Paper Review: Hash-Based IP Traceback

Reviewer: Kenneth Chin

This paper was introducing an improved version of auditing IP traceback. The improvement is mainly towards storage requirement. The authors were bringing out a technique of hashing to dramatically reduce the amount of memory required for IP traceback. The underlying idea is that instead of storing a whole packet, the digest of the packet returning from a uniform hash function with 3 header fields (20 bytes in total) and the first 8 bytes of the payload as the input is stored. Furthermore, probabilistic marking using bloom filters is deployed to selectively store the digests. As for the traceback process, the victim has to send a request to the SPIE Traceback Manager (STM), specifying the packet in question, time of attack and his own identification. Upon receiving the request, the STM then send a request to the SPIE Collection and Reduction agents (SCARs) in its local administration, asking for attack graphs. Each SCAR in turn asks its connected Data Generation Agents (DGAs) in the routers for attack paths. The attack paths form the attack graphs which in turn forms the final attack graphs. This is an overview of how the hash-based IP traceback works.
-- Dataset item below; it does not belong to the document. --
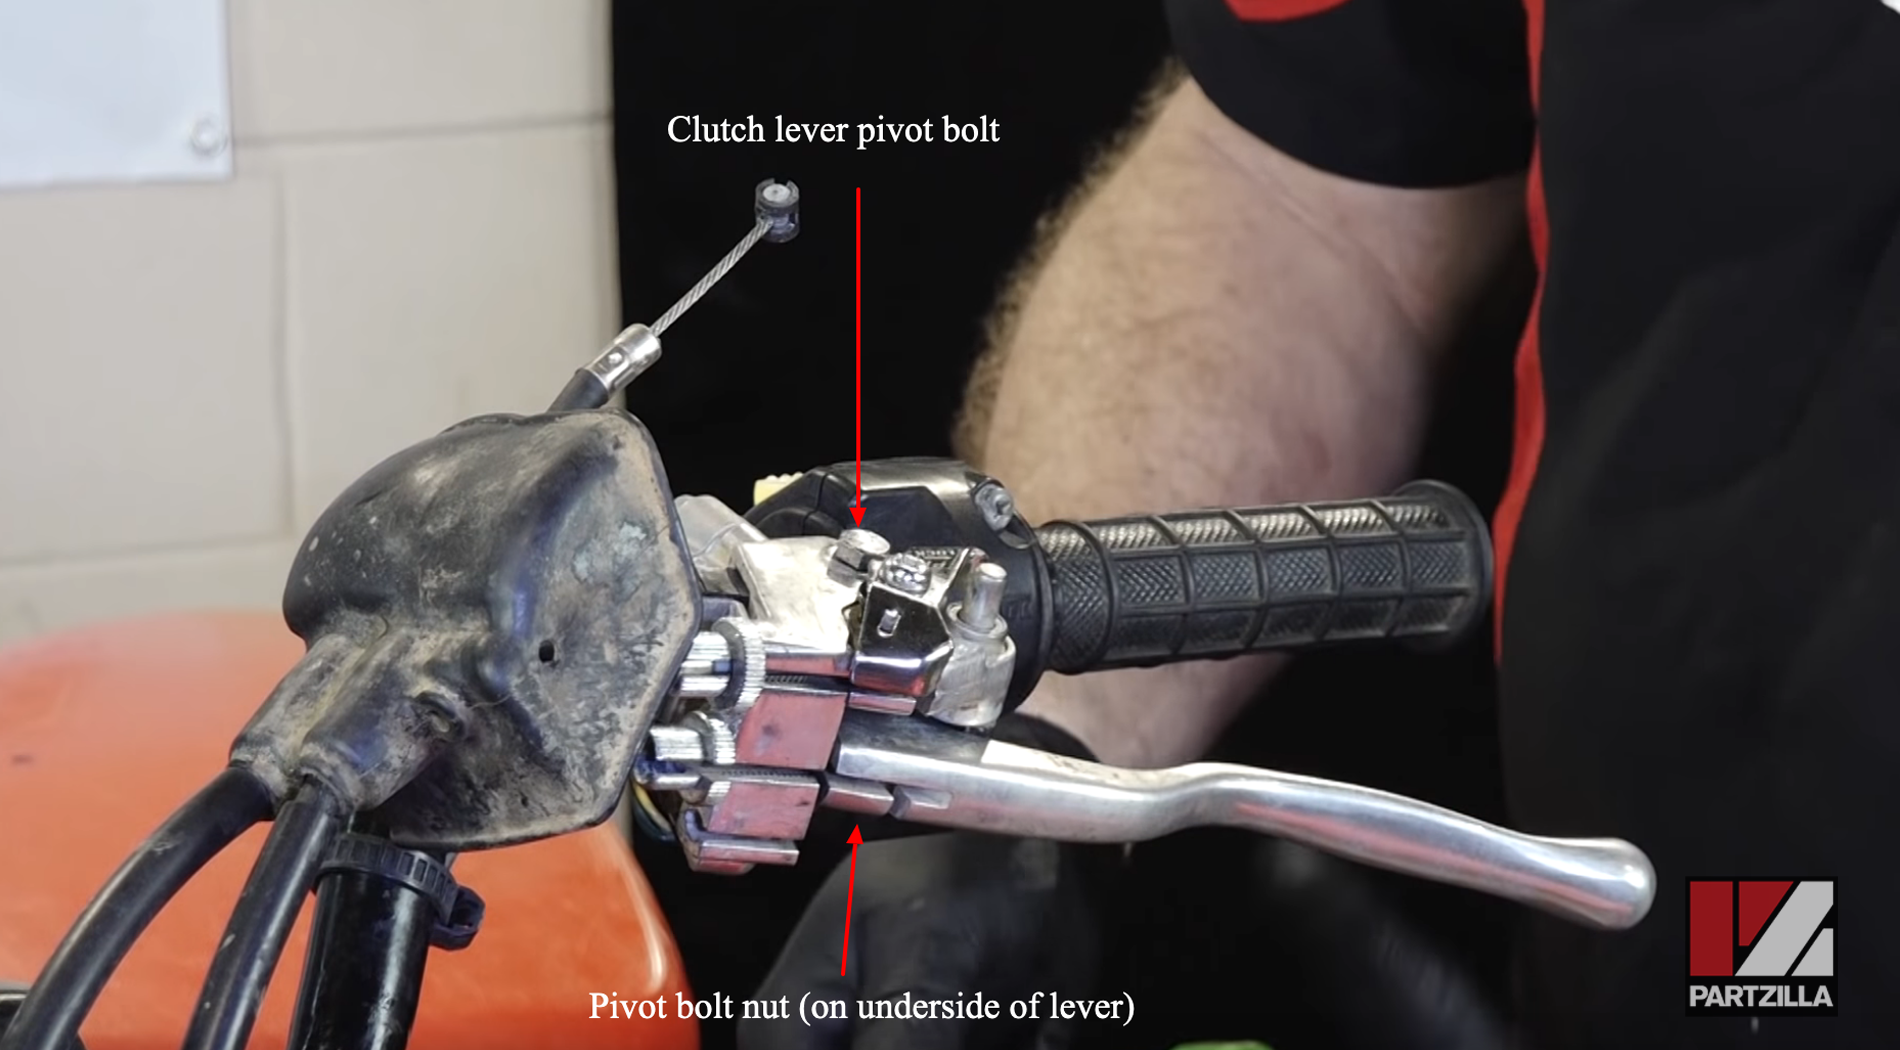 Honda TRX 400 ATV clutch lever replacement

There are several issues about the hash-based IP traceback mechanism.

It is obsessively time critical; the suggested amount of time to identify an attack packet and initiate a traceback is one minute.
The traceback process is sequential in the sense that not until an SCAR figures out the source is not in its local administration does it send a request to its neighbouring SCAR for further investigation.
The amount of storage is still huge and really depends on a number of factors like the link speed and the storage access time.
The traceback requests or queries may be delayed or lost due to unstable network behavior or heavy congestion.

My view of a the storage requirement of IP traceback is that it is always there. It is because as the technology advances, both the link speed, the memory capacity and access time will go in parallel, maintaining more or less the same the differential factor. I very much appreciate the idea of digest as an alternative entity representing the whole packet, and the idea of probabilistic marking. However, it seems to me that is may still be a good idea to store the information in an inexpensive storage medium like tape drive while deploying a cache system to accommodate the gap between fast incoming packets and slow archiving process. In this way, the traceback process can be done solely offline and this removes the time critical requirement which I think is the problem creator. Also, we have to have an administrative party to ensure all routers are cooperative in order for any IP traceback scheme to succeed.

This paper has a decent contribution to IP traceback, so it deserves a 3rd-grade.